During follow-up, 61 (12%) deaths were recorded with fatal events occurring twice as often in men than women. Figure 1 shows unadjusted Kaplan–Meier cumulative incidence estimates for all-cause mortality according to APOE genotype and allele. The log-rank statistic suggests that APOE genotype and allele influenced mortality, with APOE ε4 carriers having a significantly higher number of deaths. In multivariable models (Table 2), participants with the APOE ε4/ε4 genotype had a greater risk of mortality (HR = 2.56, 95% CI: 1.33–4.94) compared to persons homozygous for ε3 allele (model 3). APOE ε4 carriers had a twofold elevated risk of mortality compared to non-APOE ε4 carriers (HR = 2.21, 95% CI: 1.20–4.09). These estimates increased in magnitude after further adjustment for chronic medical conditions yielding hazard ratios of 2.61(CI: 1.33–5.14) and 2.76 (CI: 1.42–5.37) for APOE ε4/ε4 genotype and e4 allele carriers compared to persons homozygous for ε3 allele and non-APOE ε4 carriers, respectively.

(a)

(b)

Educational status appeared to be negatively associated with mortality with persons who had college education or more having lower risk of mortality compared to participants with high school education or less (HR = 0.79, 0.35–1.76). Howbeit, this did not approach statistical significance. Finally, we observed a significant interaction between educational status and APOE ε4 allele on the risk of mortality (). The HR of mortality among ε4 carriers compared to noncarriers was 1.59 (0.64–3.96) for those with ≥college education; 6.66 (1.90–23.4) for those with some college or trade; and 14.1 (3.03–65.6) for participants with ≤high school education. No significant interaction was identified between APOE genotype and cognitive function for mortality risk.
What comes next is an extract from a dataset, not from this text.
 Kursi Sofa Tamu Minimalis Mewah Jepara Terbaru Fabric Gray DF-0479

These results remained unchanged when information from the 15 participants with APOE ε2/4 was included in the analysis, and APOE ε2/4 was not significantly associated with mortality which could possibly be attributed to the small sample size (data not shown).

4. Discussion

In this community-based sample of elderly adults, we observed that the APOE ε3/4 and ε4/4 genotypes were associated with higher incidence of all-cause mortality, independent of important confounders. However, this elevated mortality risk was offset by higher educational status. To our knowledge, this is the first study to report that APOE (genetic factor) and education (environmental factor) act interactively to influences survival in the elderly.
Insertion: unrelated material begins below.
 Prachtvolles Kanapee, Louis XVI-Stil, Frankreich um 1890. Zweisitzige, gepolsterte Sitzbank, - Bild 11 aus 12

While the underlying mechanism by which education ameliorates the influence of APOE genotype on mortality among elderly adults is a topic of major interest, it is not fully understood. It is possible that education may exert some beneficial effects on survival through two main avenues. That is, either through increased socioeconomic resources over the life course that could aid in the prevention of chronic diseases or through neuroprotective mechanism involved in reducing age-related or pathological changes in the structure and function of the brain which in the long term might influence longevity [30, 31]. On the one hand, higher education, more often than not, provides numerous resources such as higher income, stable employment, better social networks, health-related self-efficacy, and access to safe neighborhoods [32]. Accordingly, a large body of evidence has shown that higher educational attainment, whether measured as years of education or degree completion, is associated with reduced incidence of chronic morbidities [33], delayed mortality [34], and improved overall health primarily due to better access and utilization of health care and the adaption of health-promoting behaviors and lifestyles [14].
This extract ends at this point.